▶ _Source material_
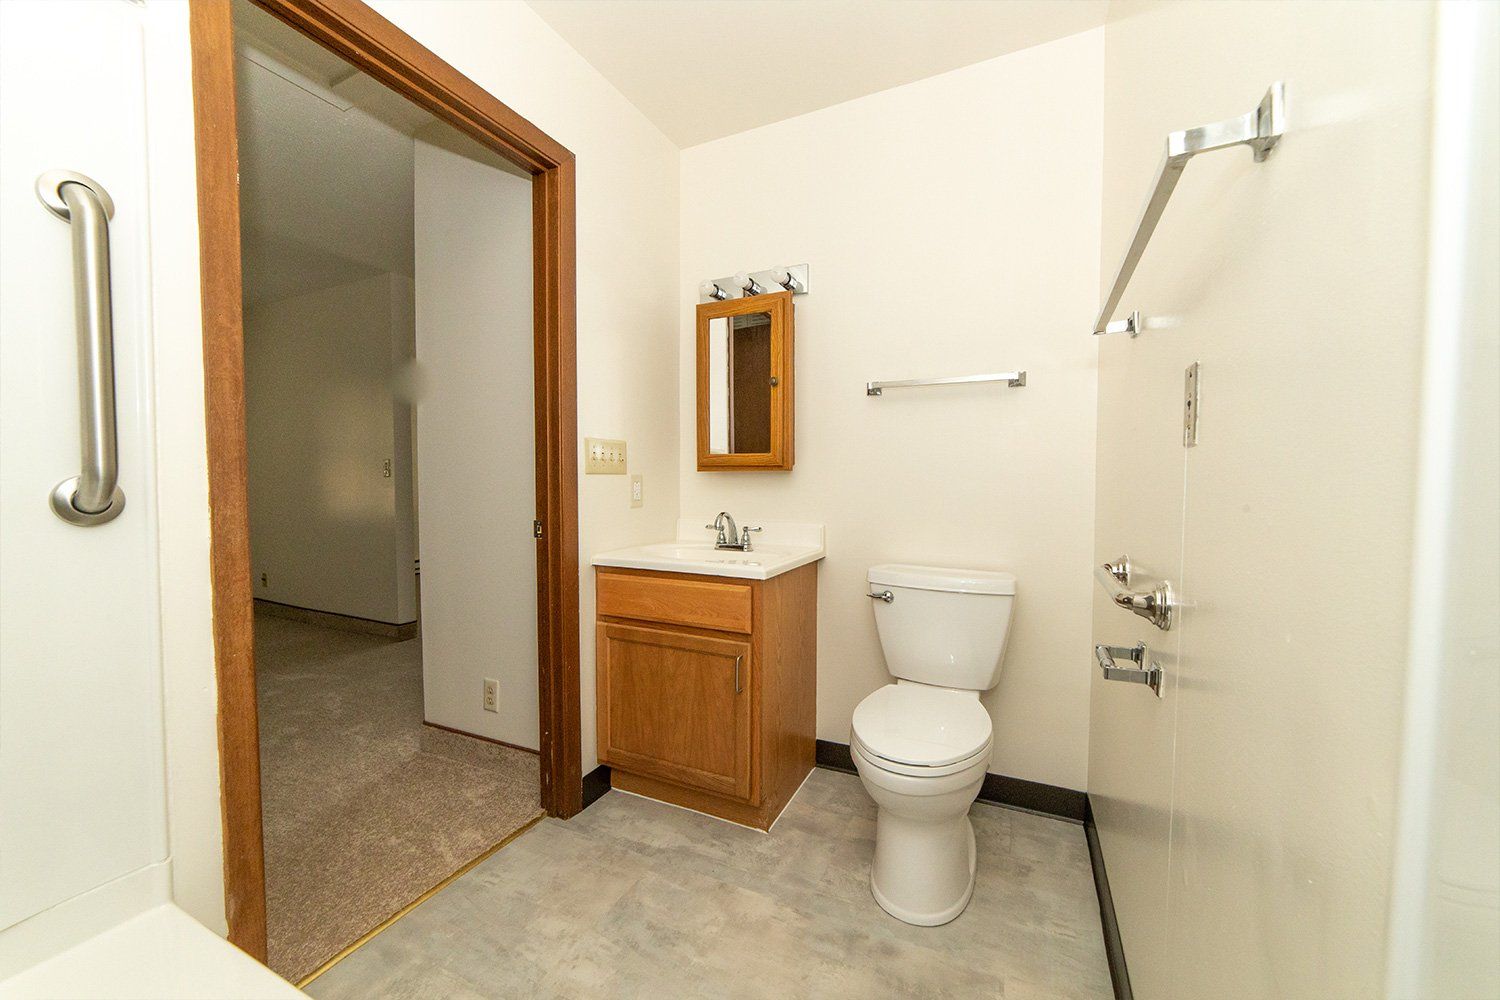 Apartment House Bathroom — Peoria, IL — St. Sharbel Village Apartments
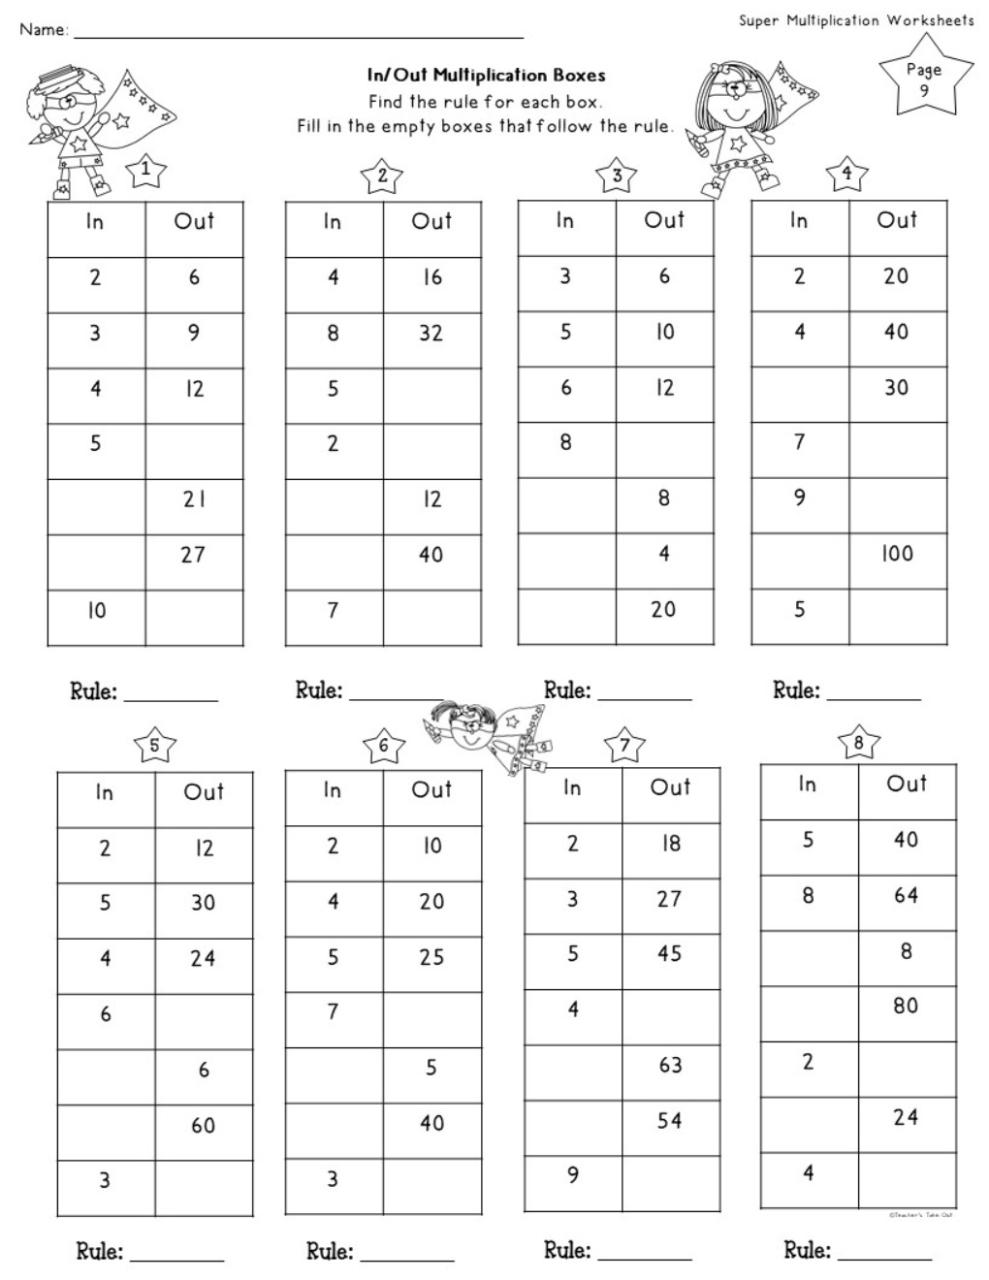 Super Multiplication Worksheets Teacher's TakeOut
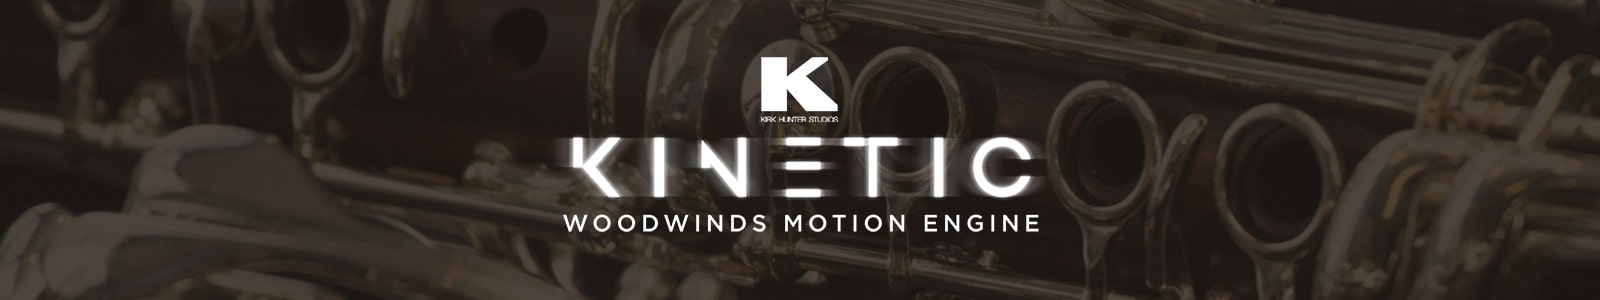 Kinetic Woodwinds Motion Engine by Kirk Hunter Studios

▶ _Task description_
Starting with the line that holds "Super Multiplication Worksheets", print each line through the last one of the data exactly as written, but do not include the pictures.

▶ _Task output_
 Super Multiplication Worksheets Teacher's TakeOut
 Kinetic Woodwinds Motion Engine by Kirk Hunter Studios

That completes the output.